Clarifying Questions

When you get asked this question in a real-life environment, it will often be ambiguous (especially at FAANG). Make sure to ask these questions in that case:

What is the maximum possible length of the `deadends` array?
Can the `target` string ever be equal to one of the strings in the `deadends` array?
Is it possible for the `deadends` array to be empty?
If it is impossible to reach the target, what should the function return?
Are the strings in `deadends` and `target` guaranteed to be valid 4-digit strings with digits between '0' and '9'?

Brute Force Solution

Approach

The brute force approach to opening the lock tries every single possible combination until we find the correct one. We will start with the initial state, then systematically try every single combination until we reach our target or have exhausted all possibilities.

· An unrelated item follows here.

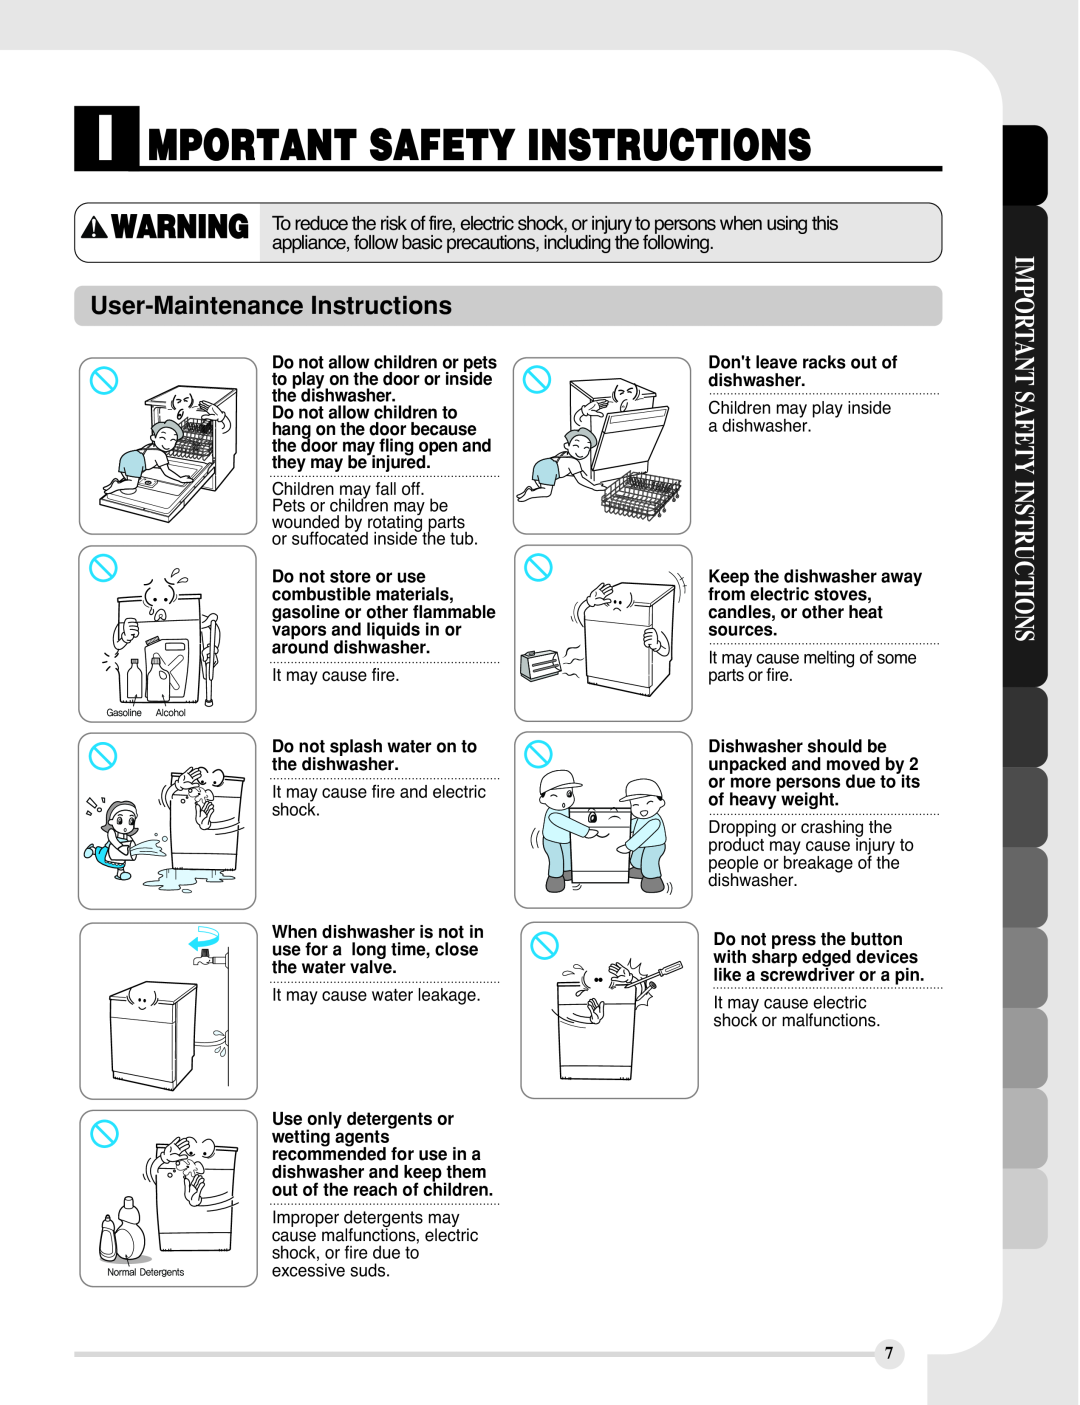 LG Electronics LDF9810BB User-Maintenance Instructions, I Mportant Safety Instructions, Important Safety Instructions 
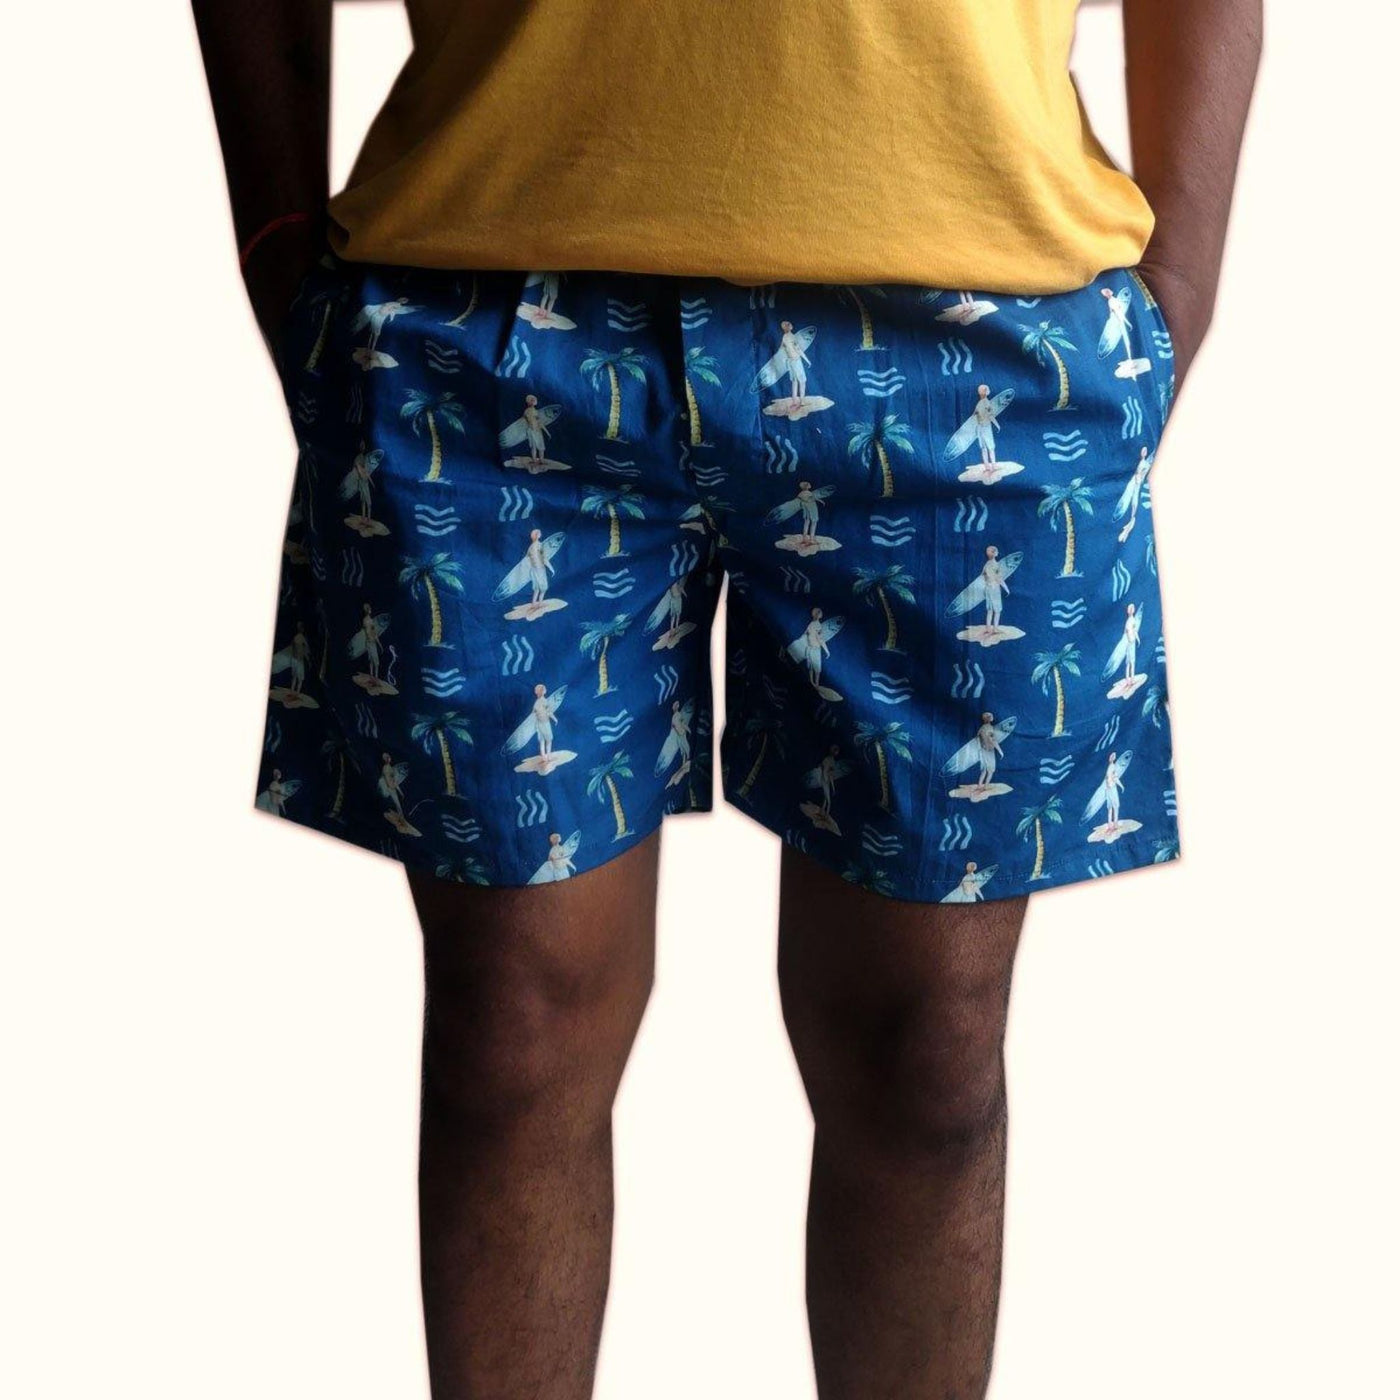 Boxer Shorts for Men - Surfer Paradise Joeycare

Here's how the algorithm would work step-by-step:

Start with the lock at '0000'.
Try every possible next combination by changing one digit at a time. For instance, '0001', '0010', '0100', '1000', and so on.
Keep track of all the combinations you've tried so you don't repeat them.
If any of the combinations are not allowed (deadends), skip them.
Continue generating new combinations by changing one digit of the previous combinations, one at a time.
Repeat this process, checking each new combination to see if it's the target combination or if it's a deadend.
Stop when you find the target combination, or when you have tried every possible combination without finding the target.

Code Implementation

def open_the_lock_brute_force(deadends, target):
    initial_combination = '0000'

    if initial_combination in deadends:
        return -1

    visited_combinations = {initial_combination}
    queue = [initial_combination]
    number_of_steps = 0

    while queue:
        queue_length = len(queue)

        for _ in range(queue_length):
            current_combination = queue.pop(0)

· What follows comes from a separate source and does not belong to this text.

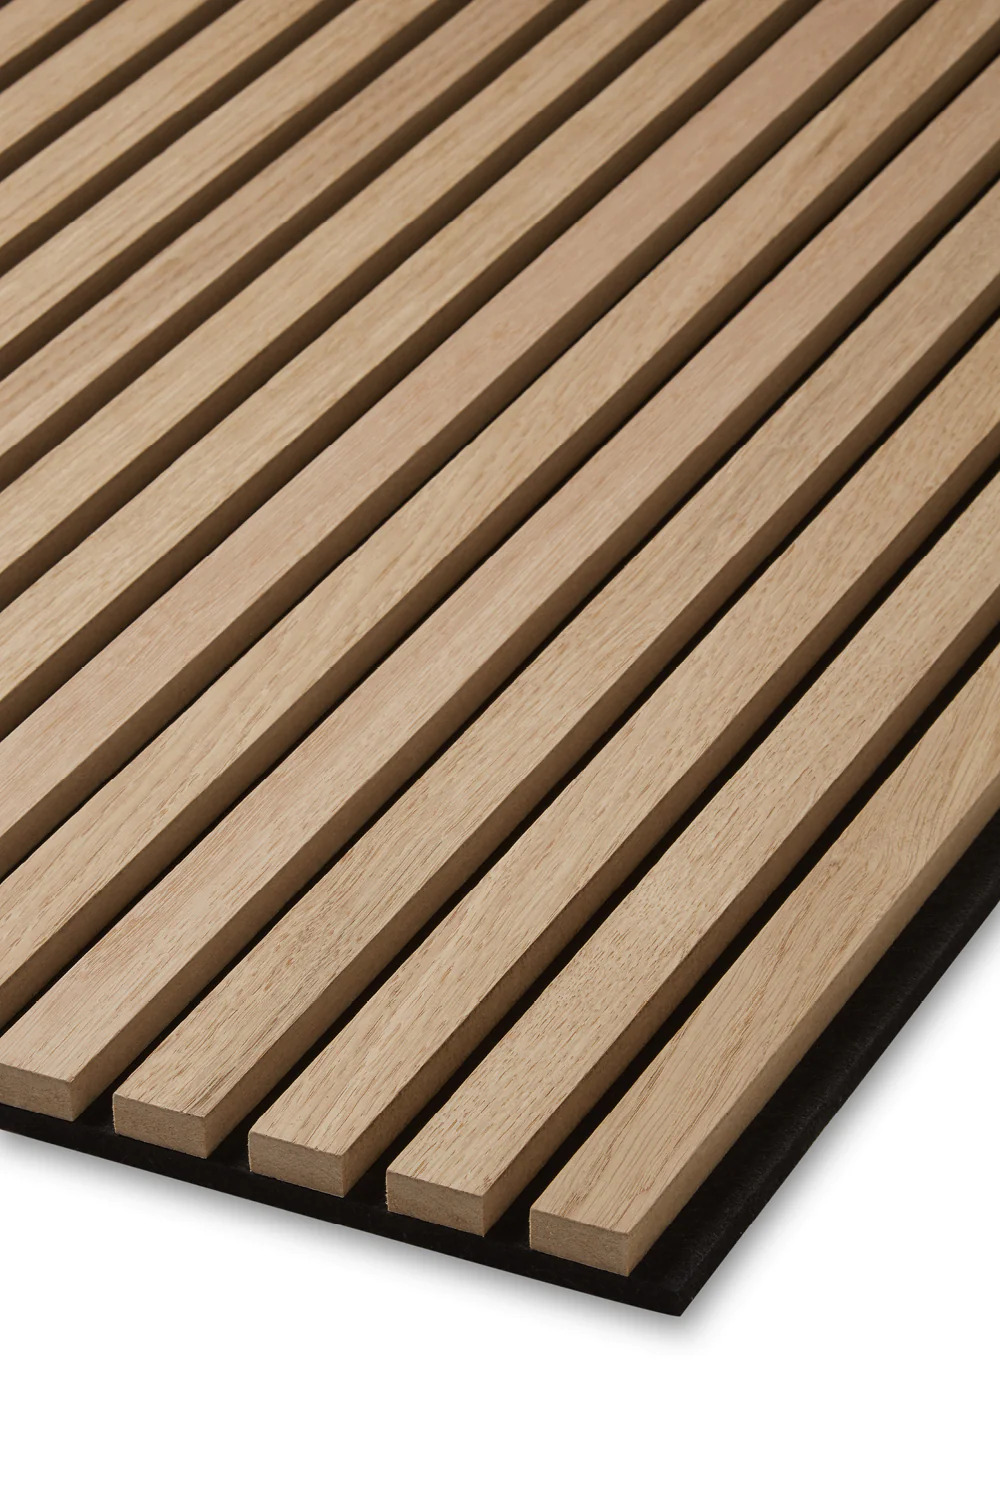 Nord Slat - White Oak Wood Slat Wall Panel

            if current_combination == target:
                return number_of_steps

            # Explore all possible next combinations
            for index in range(4):
                digit = int(current_combination[index])
                
                # Try incrementing the digit
                incremented_combination = current_combination[:index] + str((digit + 1) % 10) + current_combination[index+1:]
                if incremented_combination not in deadends and incremented_combination not in visited_combinations:
                    queue.append(incremented_combination)
                    visited_combinations.add(incremented_combination)

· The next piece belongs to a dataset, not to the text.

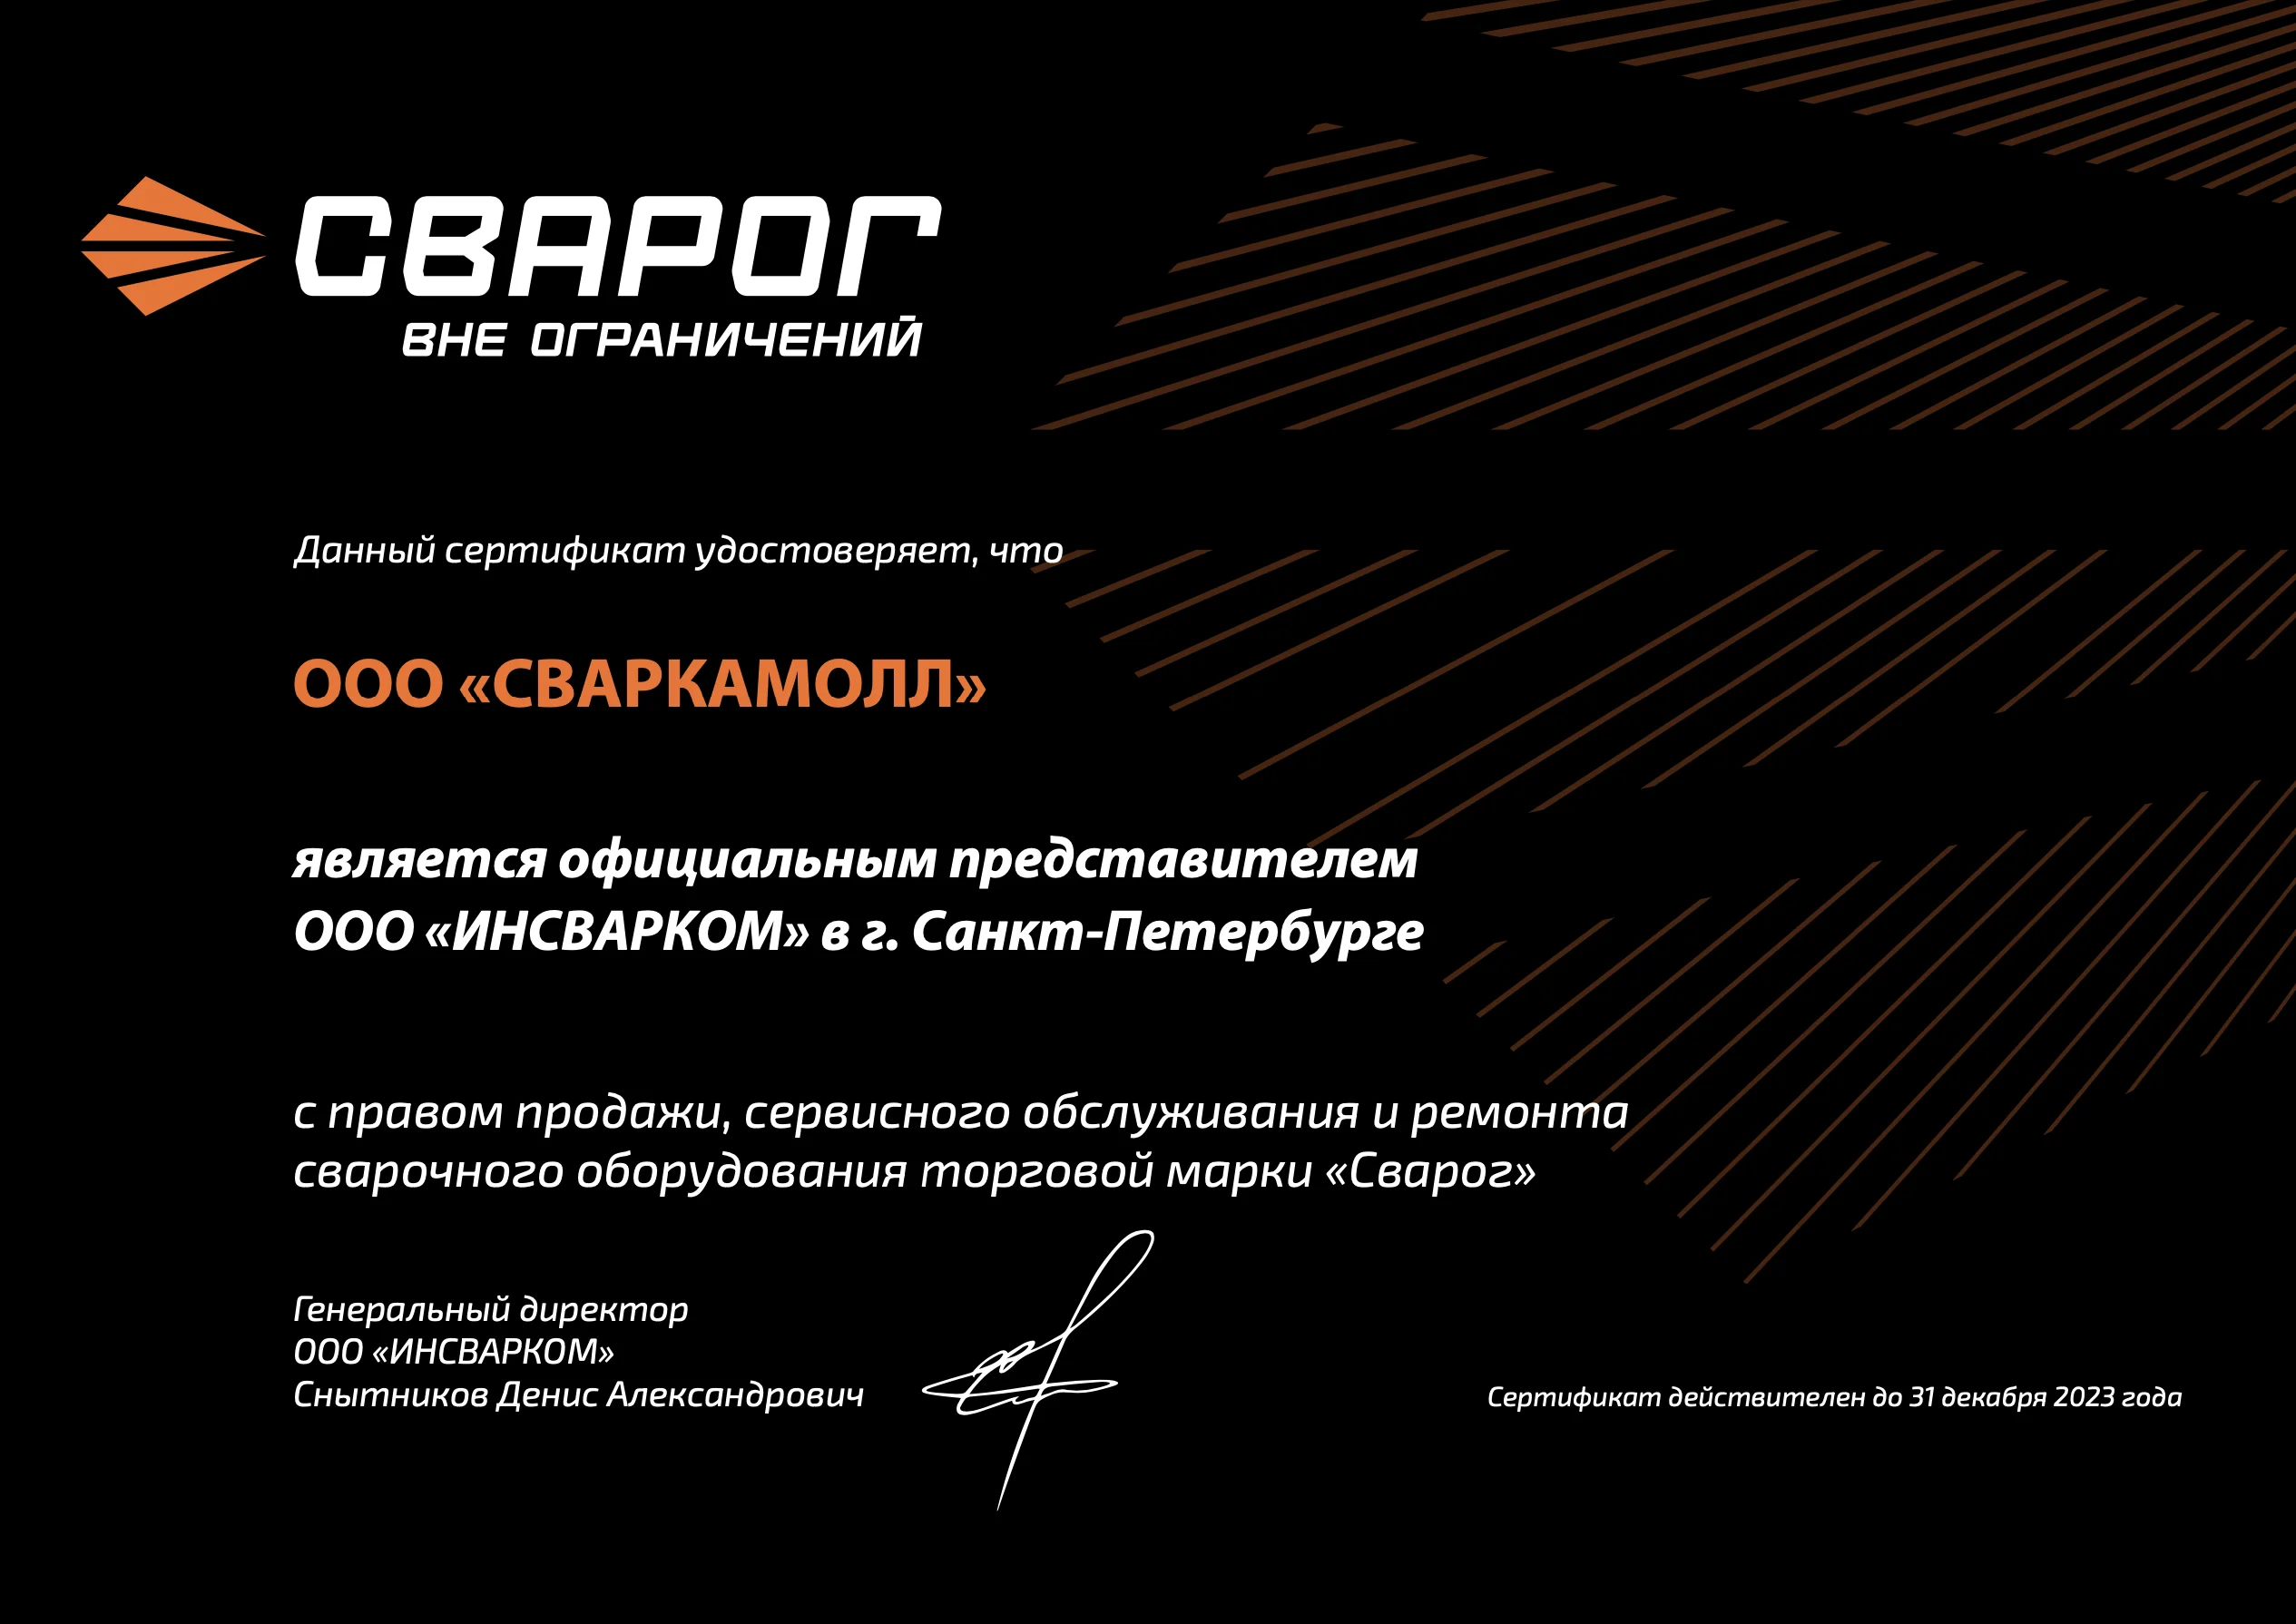 Сертификат дилера "СВАРОГ"

                # Try decrementing the digit
                decremented_combination = current_combination[:index] + str((digit - 1 + 10) % 10) + current_combination[index+1:]
                if decremented_combination not in deadends and decremented_combination not in visited_combinations:
                    # Ensure that the next combination is valid
                    queue.append(decremented_combination)
                    visited_combinations.add(decremented_combination)

        number_of_steps += 1

    return -1

Big(O) Analysis

Time Complexity

O(1) – The state space of the lock is constant; there are 10,000 possible combinations (0000 to 9999), regardless of the specific input (deadends or target). The algorithm explores this space systematically using a breadth-first search, potentially visiting each combination once. Therefore, the time complexity is bound by the size of the constant state space which is O(1). Even with many deadends, it won't exceed this limit.

Space Complexity

O(1) – The plain English explanation focuses on generating and checking combinations. To keep track of tried combinations, a set (or similar data structure) is needed to avoid repetition. The maximum number of possible combinations for a 4-digit lock is 10^4 (10000). In the worst-case scenario, we might need to store almost all of these combinations in our visited set. This leads to a space complexity proportional to the number of possible combinations which is a constant. Therefore, the space complexity is O(1).

Optimal Solution

Approach

The challenge is to find the shortest path to open a lock, given some forbidden combinations. We use a method that explores possible combinations systematically, like ripples spreading outwards from the starting point, until we reach the target.

Here's how the algorithm would work step-by-step:

Start with the lock at its initial state (usually four zeros).
Imagine exploring all possible combinations one turn at a time: turn any one of the four digits up or down.
Keep track of the combinations you've already tried to avoid going in circles.
As you explore, check if any combination is forbidden; if it is, skip it.
Continue exploring layer by layer until you find the target combination. The number of layers you expanded represents the fewest number of turns needed.
If you've explored all possible combinations and haven't found the target, it means it's impossible to reach from the starting state.

Code Implementation

def open_the_lock(dead_ends, target):
    start_combination = "0000"
    if start_combination in dead_ends:
        return -1

    queue = [(start_combination, 0)]
    visited = {start_combination}

    while queue:
        current_combination, moves = queue.pop(0)

        if current_combination == target:
            return moves

        # Iterate through each digit in the combination.
        for index in range(4):
            digit = int(current_combination[index])

            # Generate the next possible combination by incrementing
            incremented_digit = (digit + 1) % 10
            incremented_combination = current_combination[:index] + str(incremented_digit) + current_combination[index + 1:]
            if incremented_combination not in visited and incremented_combination not in dead_ends:

                # Avoid revisiting combinations.
                visited.add(incremented_combination)
                queue.append((incremented_combination, moves + 1))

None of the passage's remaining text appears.